[Input data — start]

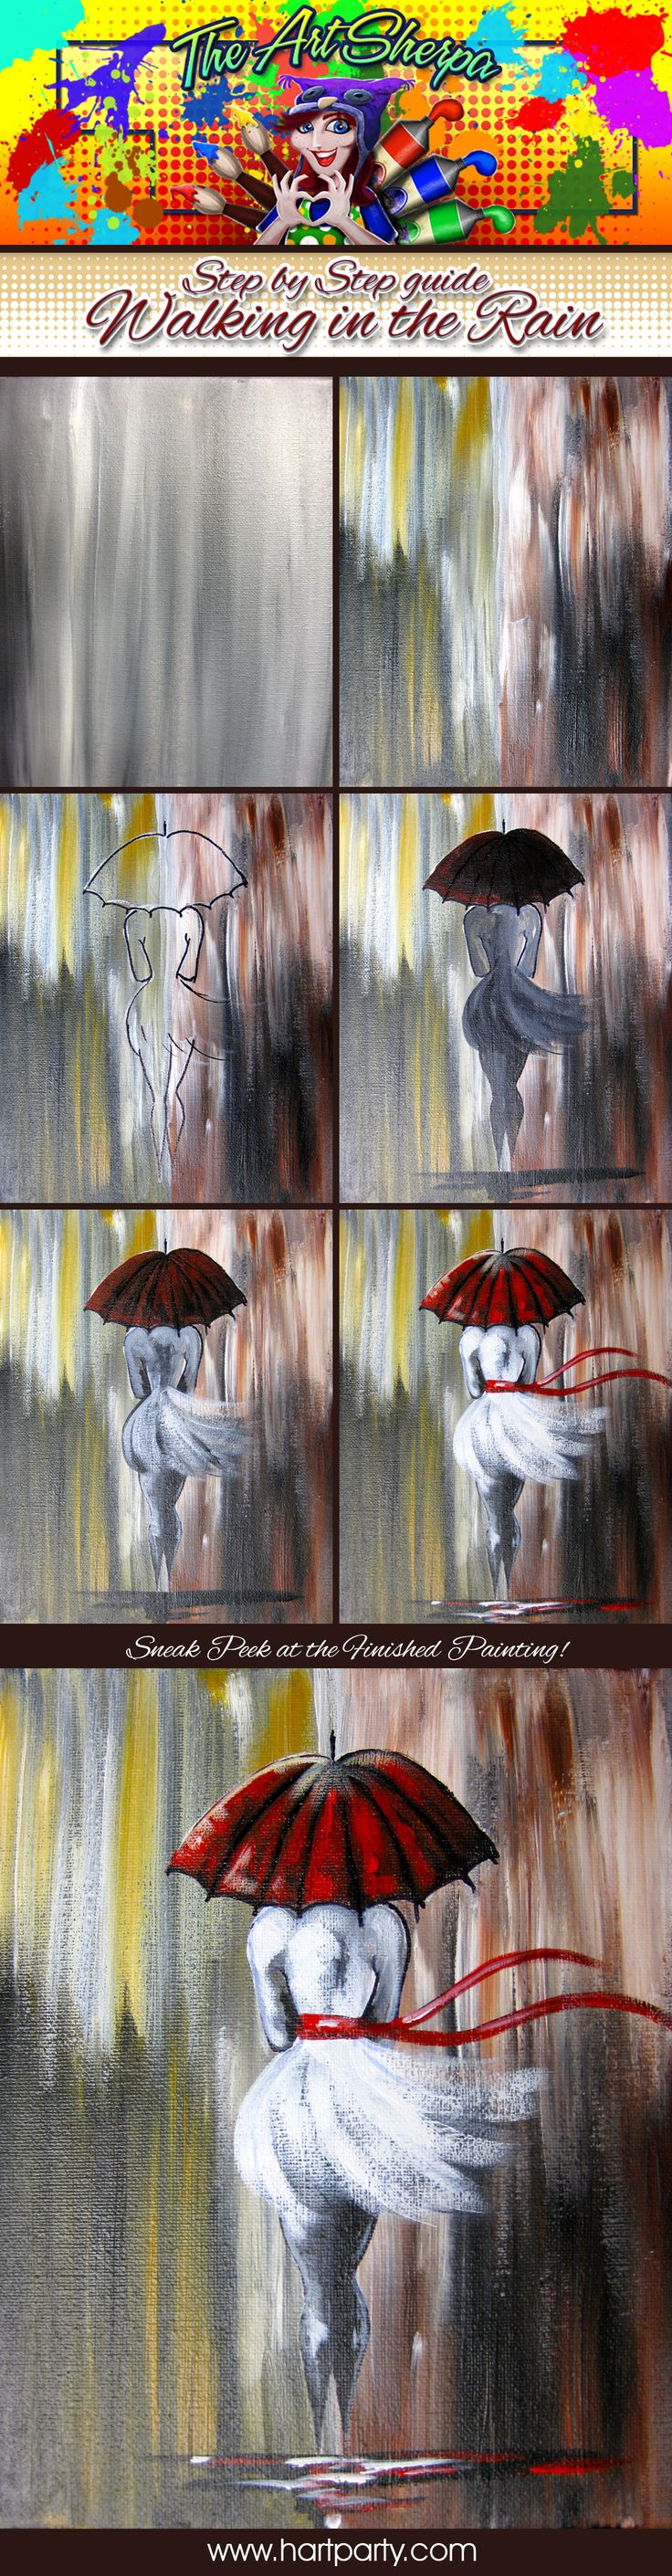 Best 25+ Black canvas paintings ideas on Pinterest | Black canvas ...
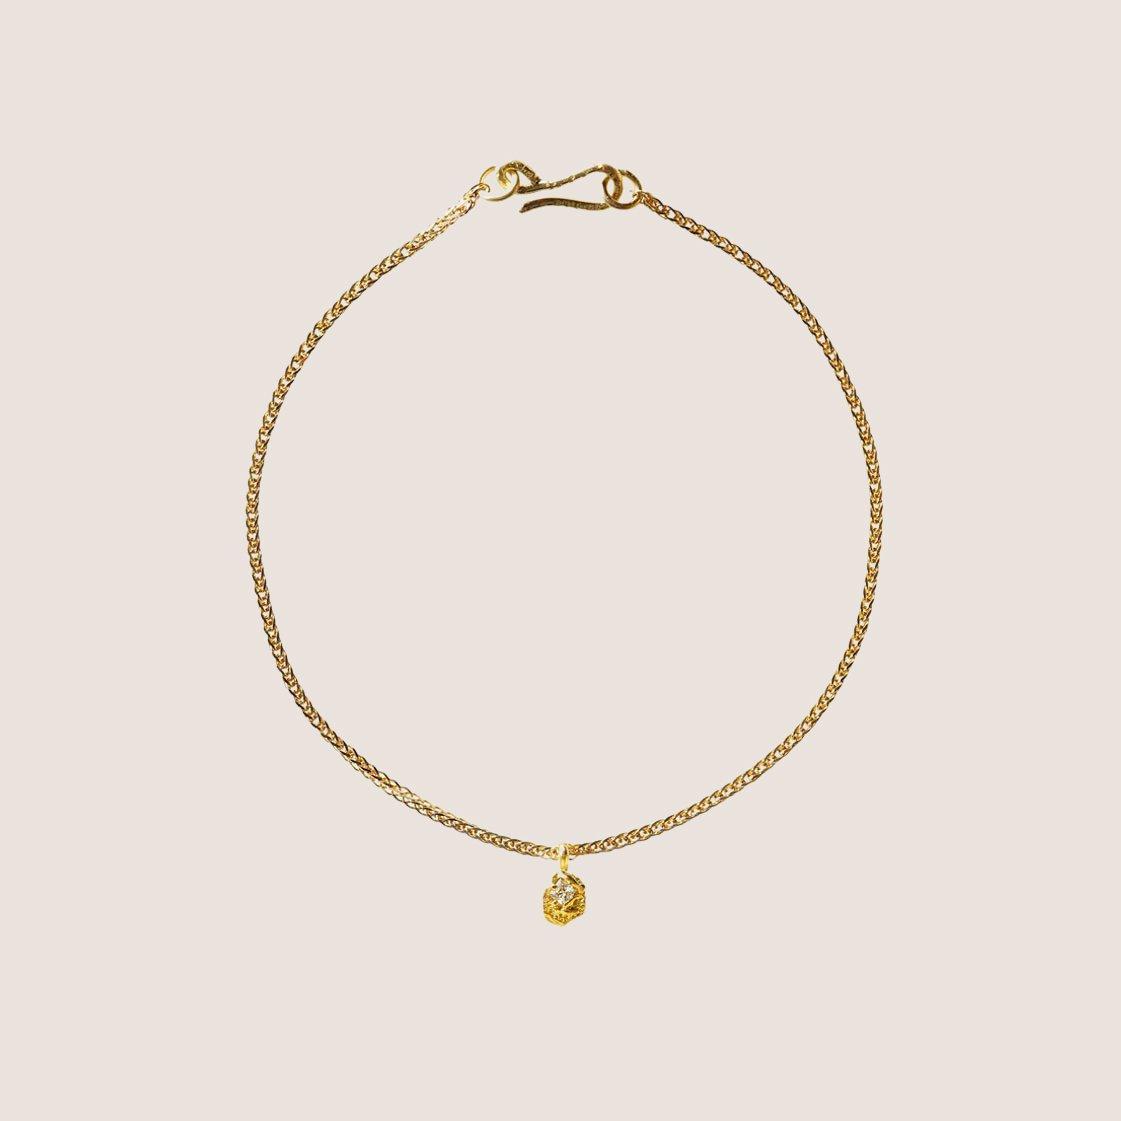 Roxy Finest Bliss Bracelet
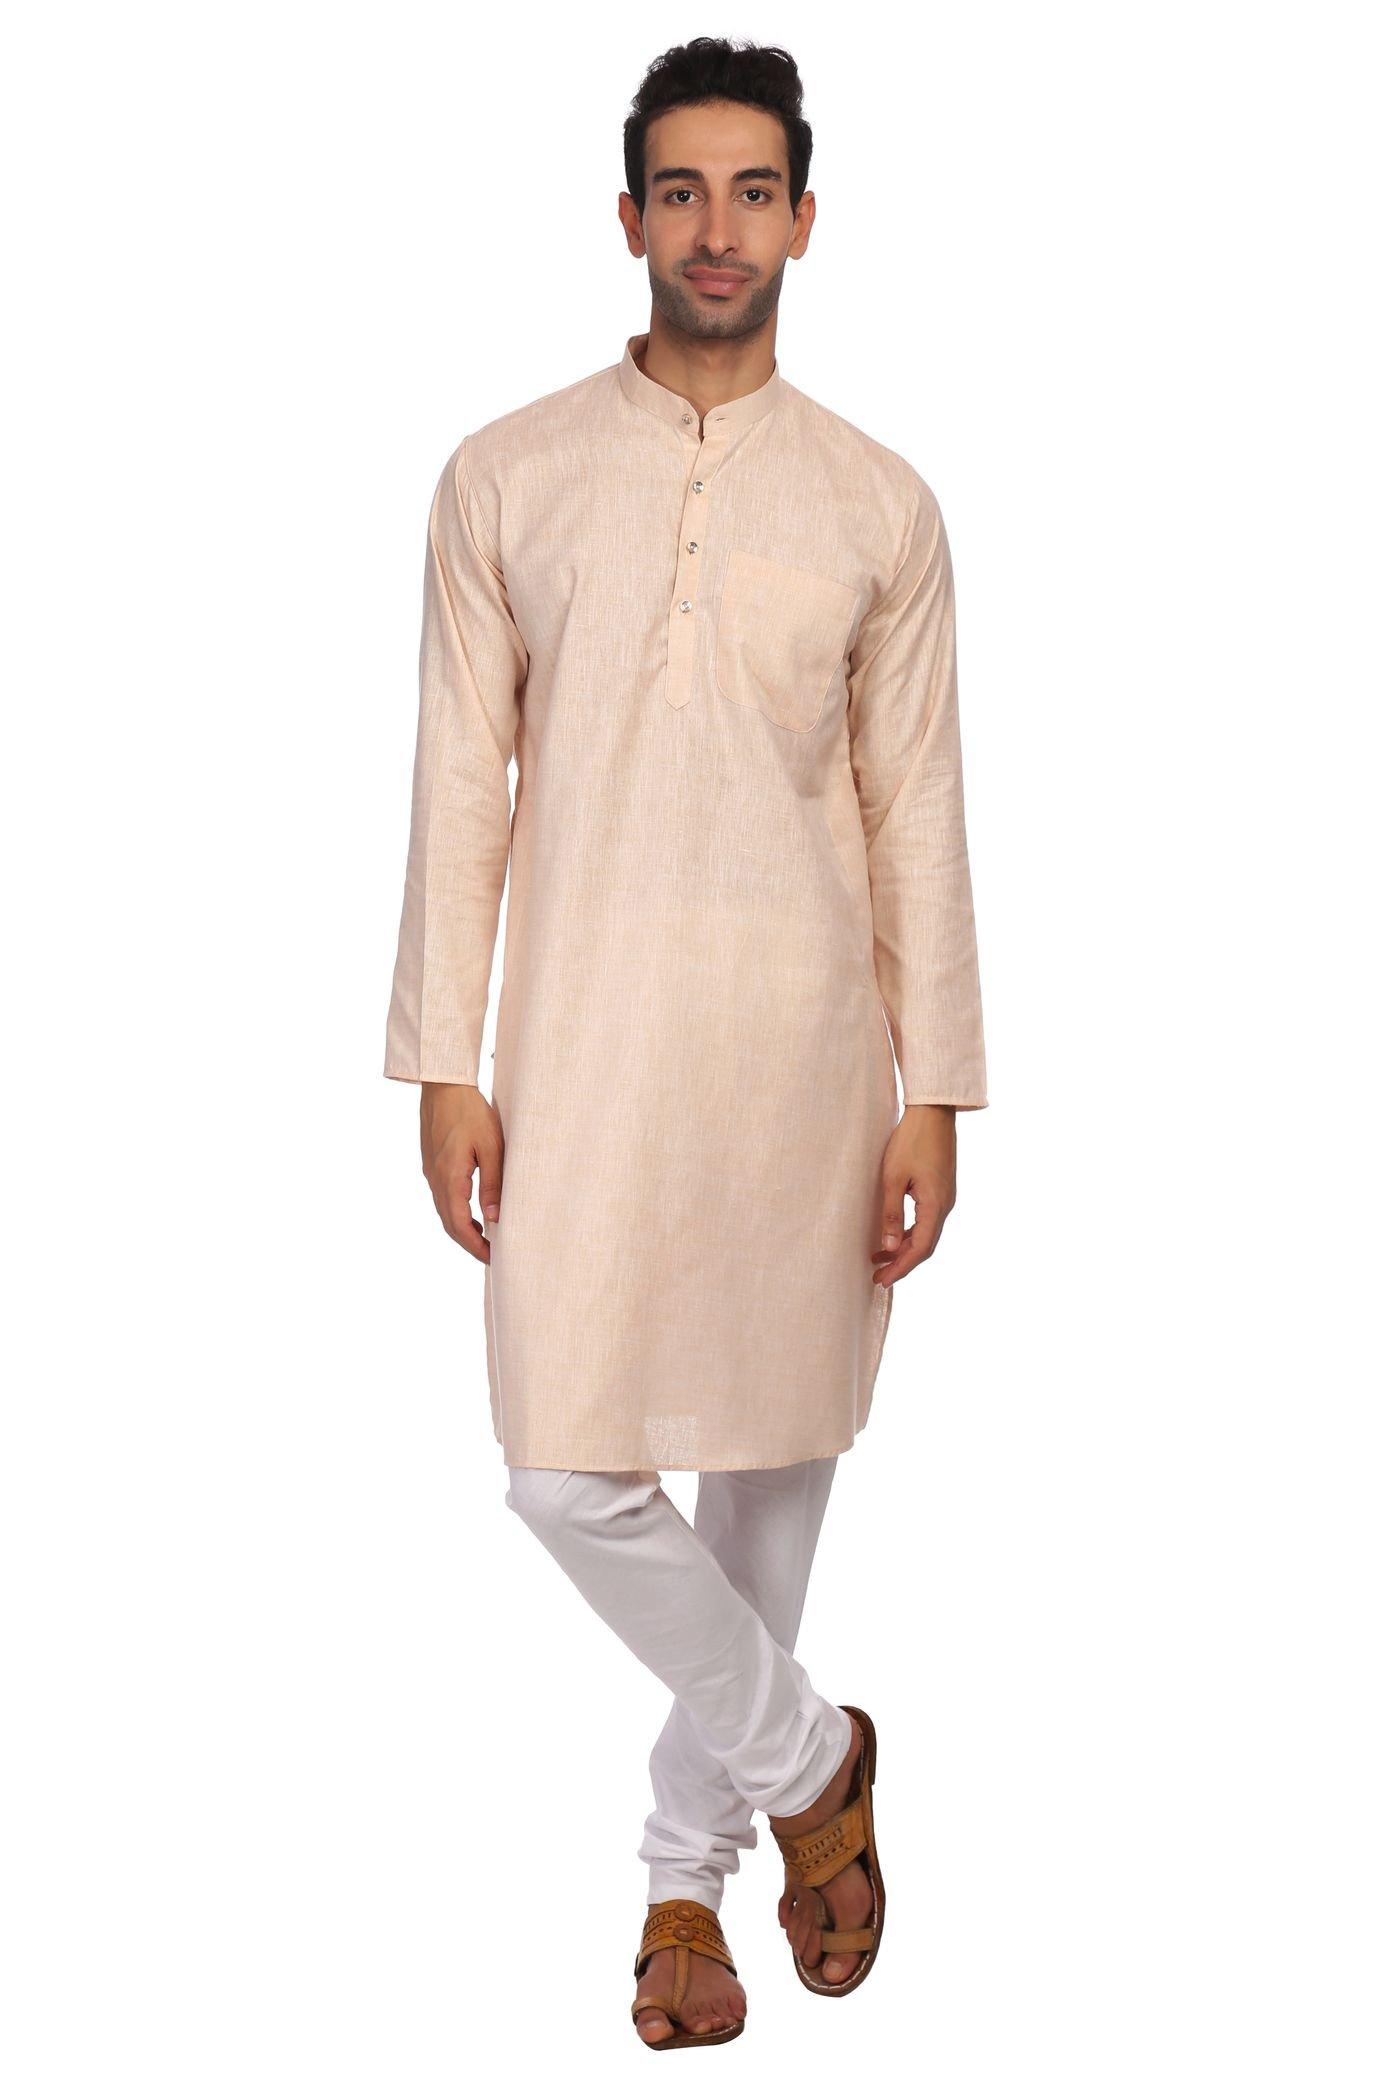 WINTAGE Men's Cotton Rich Tailored Fit Party/Festive Indian Kurta Pajama Pyjama Sleep Sets : Orange, Large

[Input data — finish]

### Brief
Retype the data above in full, exactly as it stands, and skip any image.

### Written answer
 Best 25+ Black canvas paintings ideas on Pinterest | Black canvas ...
 Roxy Finest Bliss Bracelet
 WINTAGE Men's Cotton Rich Tailored Fit Party/Festive Indian Kurta Pajama Pyjama Sleep Sets : Orange, Large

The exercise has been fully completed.